DATA TO EXAMINE =
_ _ _ _ _ _ _

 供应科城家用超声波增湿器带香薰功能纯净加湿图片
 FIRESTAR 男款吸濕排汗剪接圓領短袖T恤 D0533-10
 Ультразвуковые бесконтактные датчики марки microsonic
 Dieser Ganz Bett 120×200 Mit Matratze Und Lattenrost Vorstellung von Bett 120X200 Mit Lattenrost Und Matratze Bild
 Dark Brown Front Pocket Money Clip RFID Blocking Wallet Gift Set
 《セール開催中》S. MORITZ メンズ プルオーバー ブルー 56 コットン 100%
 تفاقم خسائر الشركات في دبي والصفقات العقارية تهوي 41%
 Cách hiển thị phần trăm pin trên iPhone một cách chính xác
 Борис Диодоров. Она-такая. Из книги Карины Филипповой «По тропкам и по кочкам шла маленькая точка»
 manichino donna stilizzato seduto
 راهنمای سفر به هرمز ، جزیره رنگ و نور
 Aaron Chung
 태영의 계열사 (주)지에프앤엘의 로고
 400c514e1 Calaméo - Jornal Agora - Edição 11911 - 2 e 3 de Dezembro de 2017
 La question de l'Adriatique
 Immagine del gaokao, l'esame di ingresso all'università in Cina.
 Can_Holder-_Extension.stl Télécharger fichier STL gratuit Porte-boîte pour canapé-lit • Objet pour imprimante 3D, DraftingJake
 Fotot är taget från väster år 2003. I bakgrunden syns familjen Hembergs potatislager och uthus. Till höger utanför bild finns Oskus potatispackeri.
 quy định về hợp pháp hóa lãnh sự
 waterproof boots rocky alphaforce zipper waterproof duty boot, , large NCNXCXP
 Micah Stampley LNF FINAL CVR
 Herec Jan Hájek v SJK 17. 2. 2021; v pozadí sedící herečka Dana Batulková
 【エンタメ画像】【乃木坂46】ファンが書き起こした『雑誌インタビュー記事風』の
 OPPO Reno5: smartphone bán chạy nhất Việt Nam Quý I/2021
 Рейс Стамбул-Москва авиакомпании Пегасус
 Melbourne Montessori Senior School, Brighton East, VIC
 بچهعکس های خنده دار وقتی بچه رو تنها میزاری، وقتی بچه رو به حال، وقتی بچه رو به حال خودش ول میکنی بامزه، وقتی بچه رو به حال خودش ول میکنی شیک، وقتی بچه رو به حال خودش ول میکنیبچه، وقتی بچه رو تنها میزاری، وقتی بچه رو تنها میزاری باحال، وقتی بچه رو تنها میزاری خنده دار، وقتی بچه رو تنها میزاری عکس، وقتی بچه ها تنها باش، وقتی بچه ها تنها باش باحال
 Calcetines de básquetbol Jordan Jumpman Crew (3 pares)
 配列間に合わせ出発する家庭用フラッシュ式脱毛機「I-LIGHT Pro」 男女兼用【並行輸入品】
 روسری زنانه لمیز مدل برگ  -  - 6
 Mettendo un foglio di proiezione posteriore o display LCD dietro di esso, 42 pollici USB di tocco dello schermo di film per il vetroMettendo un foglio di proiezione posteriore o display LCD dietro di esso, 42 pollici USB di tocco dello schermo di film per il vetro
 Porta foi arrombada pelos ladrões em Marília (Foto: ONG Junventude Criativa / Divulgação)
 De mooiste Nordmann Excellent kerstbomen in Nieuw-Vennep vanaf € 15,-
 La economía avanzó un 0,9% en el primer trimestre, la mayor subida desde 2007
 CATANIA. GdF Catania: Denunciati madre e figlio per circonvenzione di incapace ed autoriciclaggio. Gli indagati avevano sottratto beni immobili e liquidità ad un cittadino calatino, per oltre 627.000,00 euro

_ _ _ _ _ _ _

TRY IT = All that is wanted is a faithful reproduction of the line above with "La question de l'Adriatique", the line with "Melbourne Montessori Senior", and every line in between.

YOUR SOLUTION =
 La question de l'Adriatique
 Immagine del gaokao, l'esame di ingresso all'università in Cina.
 Can_Holder-_Extension.stl Télécharger fichier STL gratuit Porte-boîte pour canapé-lit • Objet pour imprimante 3D, DraftingJake
 Fotot är taget från väster år 2003. I bakgrunden syns familjen Hembergs potatislager och uthus. Till höger utanför bild finns Oskus potatispackeri.
 quy định về hợp pháp hóa lãnh sự
 waterproof boots rocky alphaforce zipper waterproof duty boot, , large NCNXCXP
 Micah Stampley LNF FINAL CVR
 Herec Jan Hájek v SJK 17. 2. 2021; v pozadí sedící herečka Dana Batulková
 【エンタメ画像】【乃木坂46】ファンが書き起こした『雑誌インタビュー記事風』の
 OPPO Reno5: smartphone bán chạy nhất Việt Nam Quý I/2021
 Рейс Стамбул-Москва авиакомпании Пегасус
 Melbourne Montessori Senior School, Brighton East, VIC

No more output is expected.